In 2010 I applied two rapid screening methods to Berkeley Town House, a 9-story residential apartment building in Berkeley, California. This month I learned of another screening method that had been validated in Turkey, Haiti, and China on mostly similar (i.e. reinforced concrete) buildings. Its validation was reported by Wei Zhou, Wenzhong Zheng, and Santiago Pujol in an article titled “Seismic vulnerability of reinforced concrete structures affected by the 2008 Wenchuan earthquake” in Bulletin of Earthquake Engineering, 11 (2013), 2079–2104. Here is a supplement, applying that method to Berkeley Town House.
The input data are:
- Total cross-sectional area of reinforced concrete columns on ground floor: 3.2 square meters
- Total cross-sectional area of north–south reinforced concrete walls on ground floor: 2 square meters
- Total cross-sectional area of east–west reinforced concrete walls on ground floor: 4.8 square meters
- Bounding rectangle area: 576 square meters
- Total areas above ground levels: 4608 square meters
- Total cross-sectional area of north–south infill masonry walls on ground floor: 1 square meter
- Total cross-sectional area of east–west infill masonry walls on ground floor: 3.4 square meters
The computations on these data are:
- Wall index (WI): (2 + 0.1)÷4608×100% = 0.046%
- Column index (CI): 0.5×3.2÷4608×100% = 0.035%
- Priority index: 0.046% + 0.035% = 0.081%
The larger the priority index, the more likely a building was to escape damage.

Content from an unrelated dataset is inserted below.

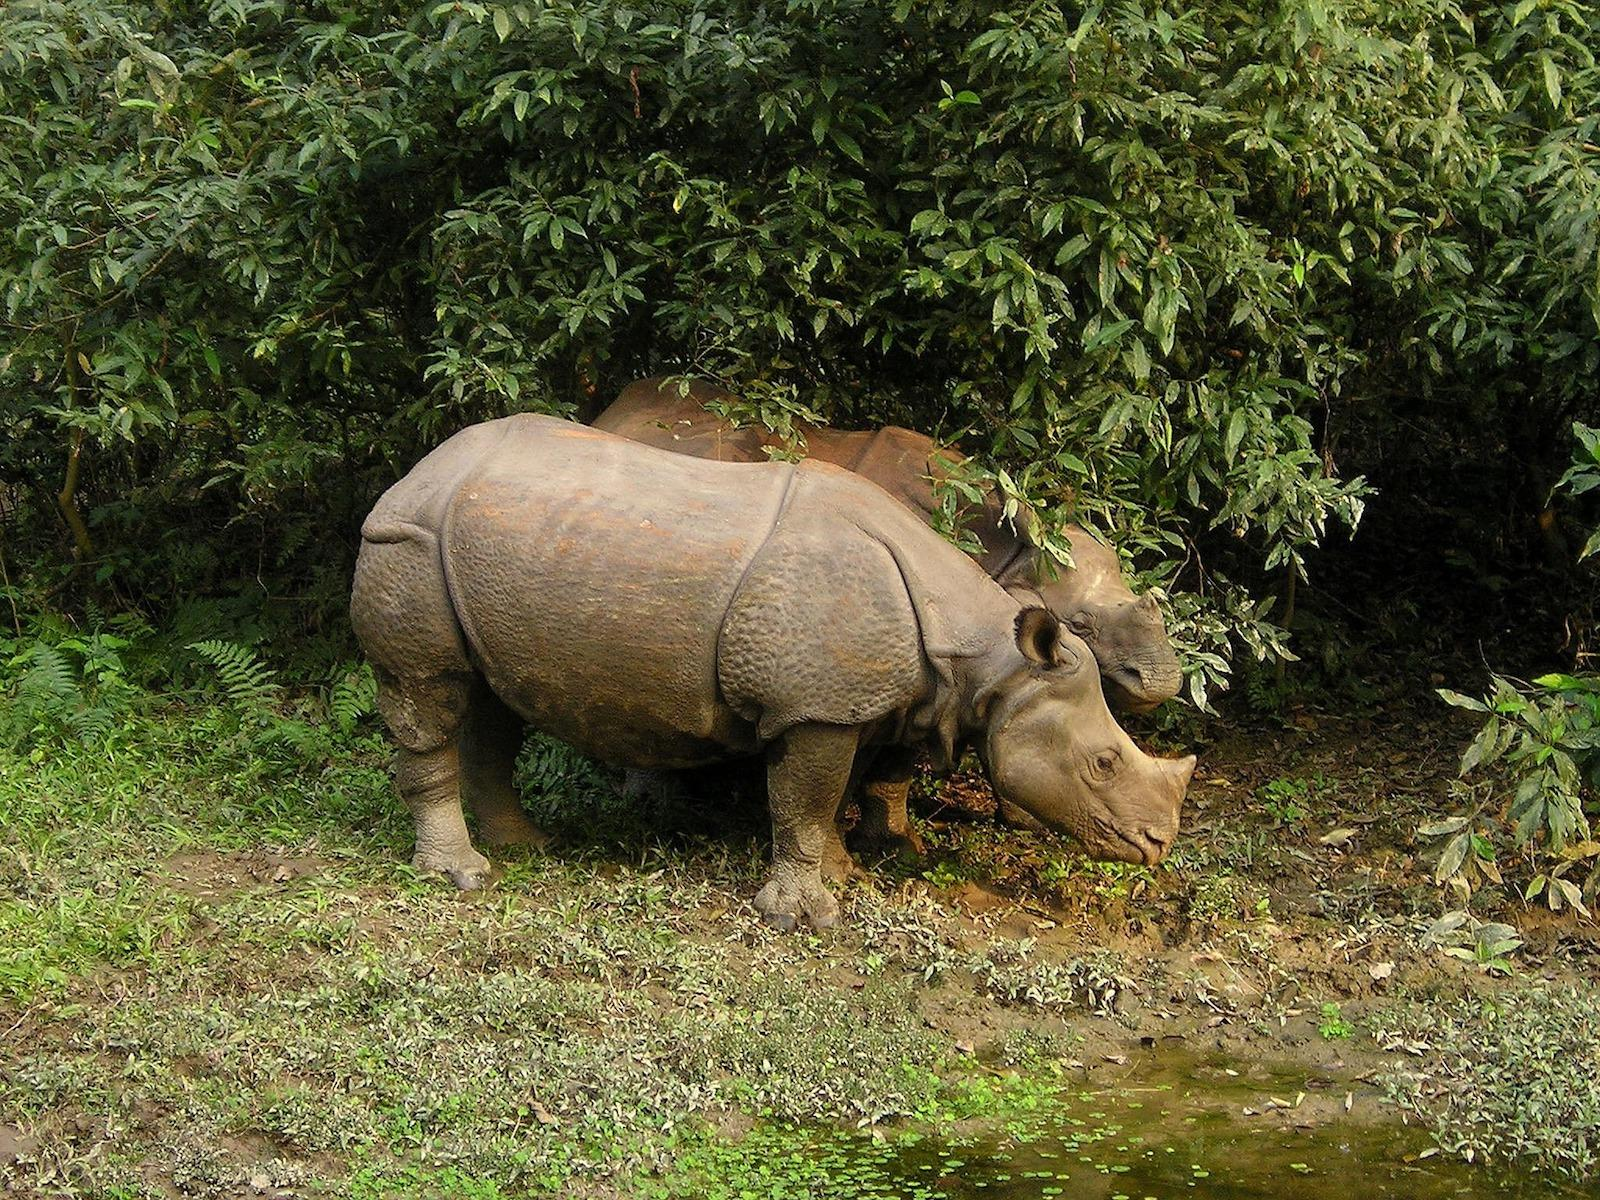 rhino-382_1920-1497929152171.jpg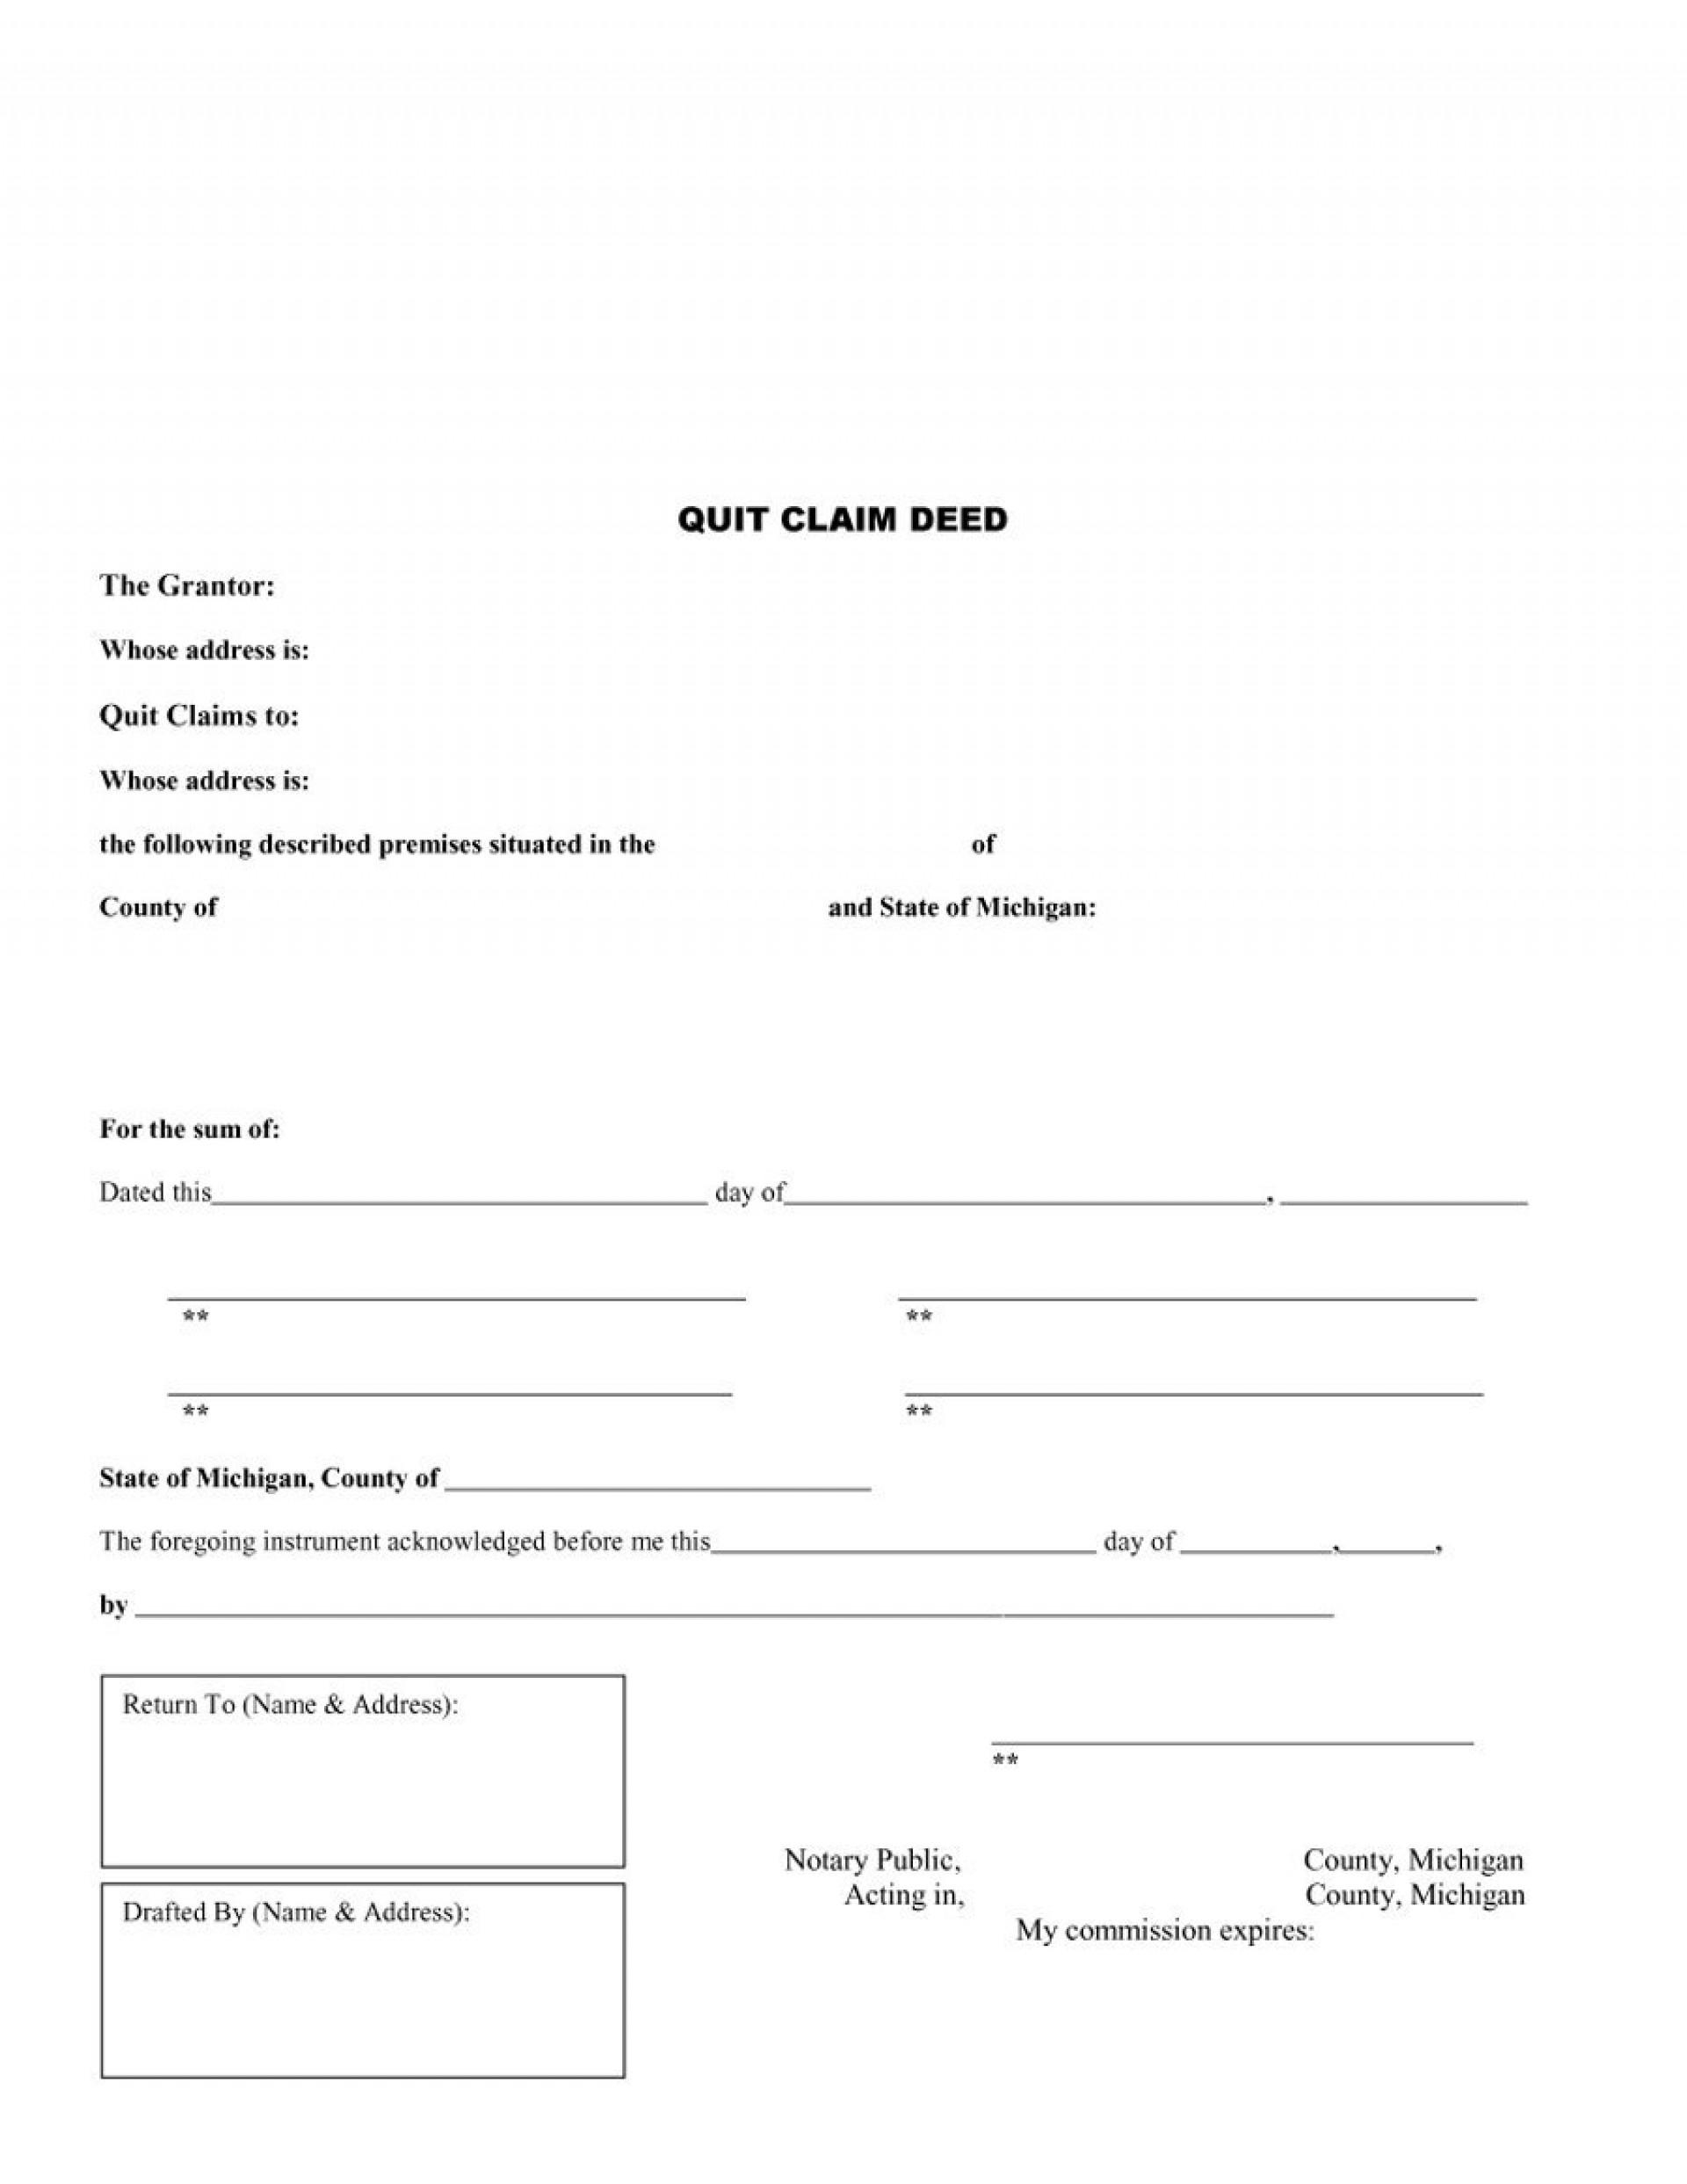 Free Printable Quit Claim Deed Form Michigan | Mbm Legal - Free Printable Quit Claim Deed Form

In their China validation, Zhou et al. used two different methods of damage classification and report that “no building was classified as having severe damage by either method for priority indices exceeding 0.3%”. Over all, they report that “Approximately 20 % (25 out of 116) of the surveyed buildings had damage involving the failure of at least one structural element.” Roughly half of the buildings with priority indices less than 0.1% (like Berkeley Town House) suffered moderate or severe damage. This result appears to me to suggest a more pessimistic prediction than the results produced in the above-cited previous report.
Few of the buildings on which this method was validated were as tall as Berkeley Town House. For this and other reasons mentioned in the above-cited previous report, this computation and any inferences from it have unknown value. I have performed these computations to satisfy my own curiosity, in the absence of a seismic assessment or screening performed by a competent professional.